Я вижу – князёк-то совсем стоеросов,

И режу в упор, отпихнув этикет:

– Рабоче-крестьянским баранам простится

Поход в мышеловочный ленинский рай;

Россию просрали поручик Голицын,

Корнет Оболенский и царь Николай.

Он прямо подпрыгнул, такой возмущённый,

Кричит: "Миль пардон, это просто цинизм!

Их бин эрудит, я окончиль Сорбонна!.."

– А я, – говорю, – пережил коммунизм.

Он мне про Фому, я ему про Ерёму,

Он мне про Ерёму, а я про Фому,

Он мне подливает ямайского рому,

Я водки в ответ подливаю ему.

Цитаты, как финки, втыкаем под рёбра,

Но после семи брудершафтов подряд

Мы с ним скорешились в согласии добром,

Лишь старые мифы колючкой торчат.

Эх, если б для выучки пoжил и пoпил

Он хоть бы полгода у нас во дворе,

Да он в Аргентине, а может, в Европе,

В какой-то дурацкой французской дыре.

Но даже и там, в темноте заграницы,

Я слышал, теперь он по пьянке поёт:

"Корнет Оболенский, поручик Голицын,

Кому ж предъявлять неоплаченный счёт?"

***

Не довелось, я никогда не жил

Среди тургеневско-толстовских декораций,

Но часто, часто приходилось мне взбираться

На достоевские крутые этажи.

Я, как Есенин, душу строчкой рвал,

Дорога в клюевских урочищах петляла,

Как дорога мне "ледяная рябь канала"

И сколько роз я Незнакомкам посылал!

Я шутки с Северянином шутил,

Над Мережковским откровенно насмехался,

Бывая в Лондоне, я Герцена чурался,

Но к Адамовичу в Париже заходил.

Я в Чевенгуре слыл за своего,

Но не знакомы ни Окуров мне, ни Глупов;

На дачах чеховских варёных полутрупов

Бывало мне всегда немножко не того.

…И всюду – бесы. Сколько ж было их!

Но – на бесовских лжекумиров не купился,

От веры в Пушкина ни в чём не отклонился,

Ни в чём, ты слышишь, ни на шаг и ни на миг.

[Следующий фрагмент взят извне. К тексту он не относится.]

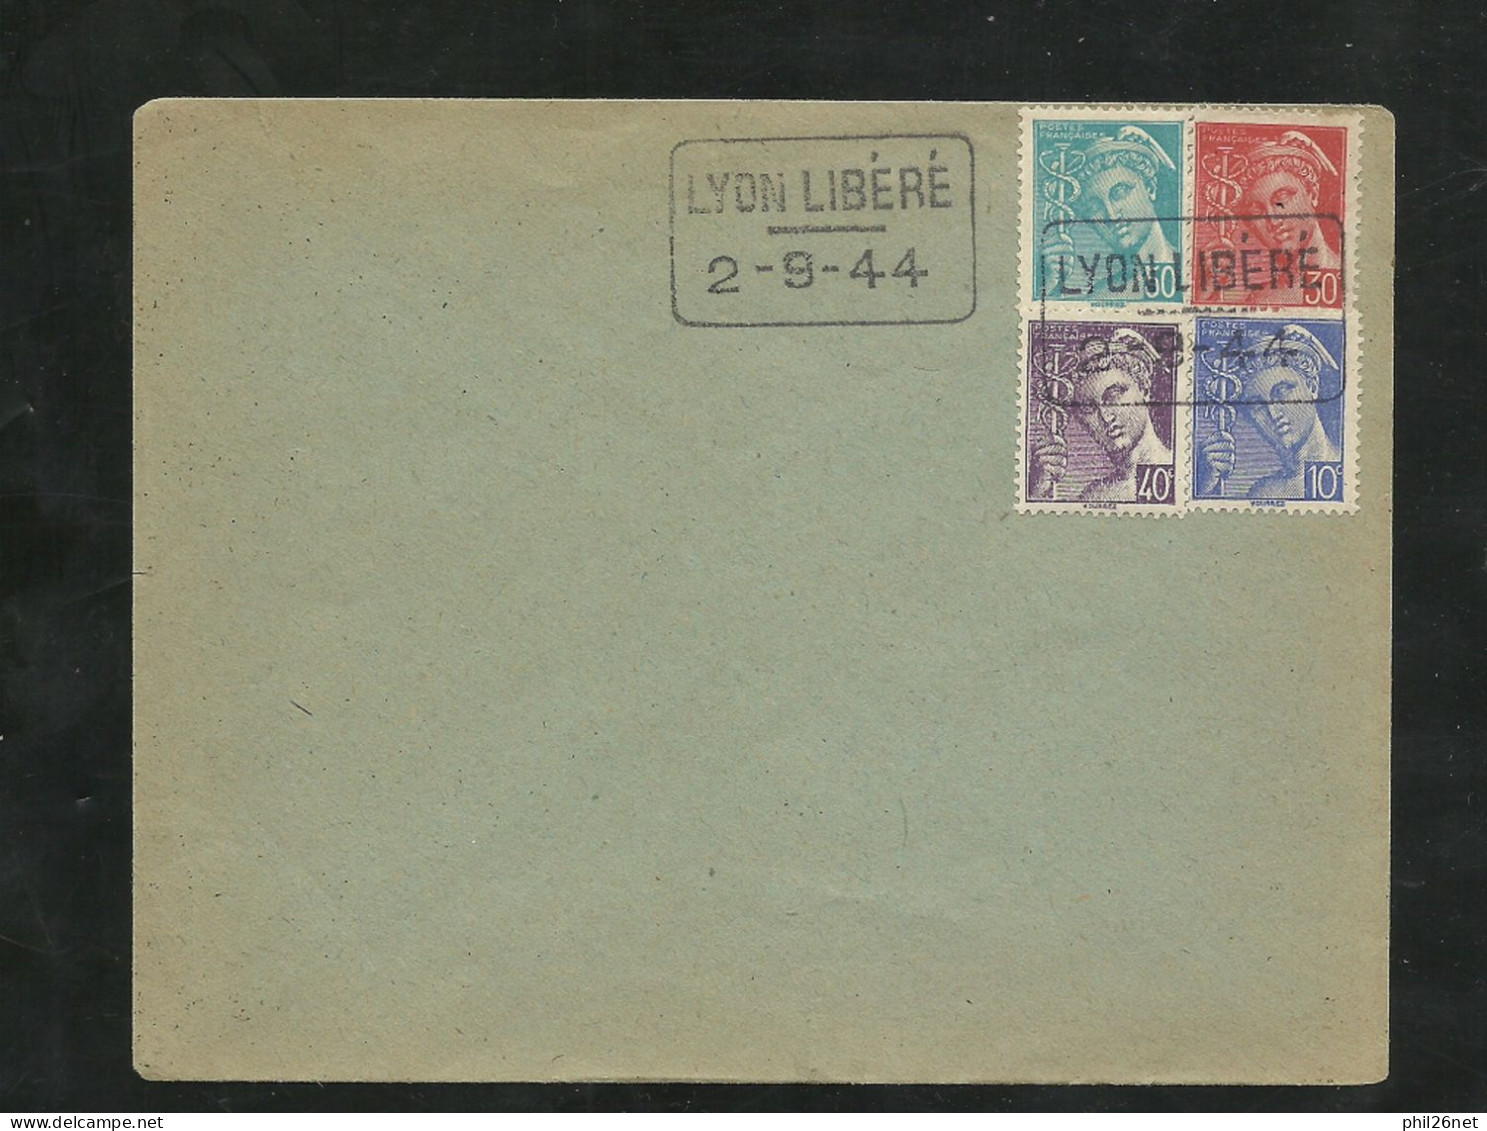 Lettre Lyon Le 2/9/1944 Cachets 1er Jour De La Libération De Lyon" Lyon Libéré" 2-9-44 Avec Les N° 546 à 549  TB - Liberation

ВОСПОМИНАНИЕ О ВСТРЕЧЕ С ВЕЛИКИМ ДРАМАТУРГОМ

Когда я был Островскому представлен,

Я, видимо, понравился ему,

И он сказал тогда: "Вот было б славно

Вам погулять по веку моему.

Я вскоре "Бесприданницу" осилю,

Живу над Волгой, в лучших номерах;

Кого б вы предпочли, коль посетили б,

Увидеть завтра у меня в гостях?"

– Карандышевы мне скучны и пресны,

Их здесь полно, как, впрочем, и Ларис;

Нельзя ли, это было б интересно,

Мне с Мокием Пармёнычем сойтись?

Таких, как он, чужой химеры ради,

Всех извели ГУЛАГом и свинцом;

К тому же мой, по слухам, прапрапрадед

Ещё при вас в Рязани был купцом…

"Ну слова Богу, русского я встретил, –

Сказал Островский, – тут на стенку лез

Один субъект: мол, хуже всех на свете

Купчишки, тормозившие прогресс…"

ФРАНСУАЗА САГАН

"Немножечко солнца в прохладной воде"…

Я помню, читал эту вещь и балдел.

Давно это было. Тогда я таких

Ещё и не читывал западных книг.

В печали – улыбка, в улыбке – печаль,

Интимная тайна колышет вуаль,

Как след аромата, как будто слегка

Рука парижанки коснулась виска…

Но вот по прошествии нескольких дней

Пытался я вспомнить – и всё, хоть убей! –

Как звали героя и кто он такой;

Постойте, ведь женщина – главный герой?

Как фокус: не помню совсем ничего!

О чём эта книга? О чём? Про кого?

Ах, время запретов, советская глушь –

Сожрёшь с голодухи парижскую чушь.

…Однако потом, через множество лет

Я понял, что книга оставила след,

Как след аромата, как будто слегка

Рука парижанки коснулась виска.

Наверно, и замысел в том состоит,

Чтоб напрочь был текст и сюжет позабыт,

Осталось же лишь ощущенье одно,

С каким эту книгу я пил, как вино,

Что даже сейчас, через множество лет

Ничуть не расплылся оставленный след,

Как след аромата, как будто слегка

Рука парижанки коснулась виска.

"Немножечко солнца в прохладной воде"…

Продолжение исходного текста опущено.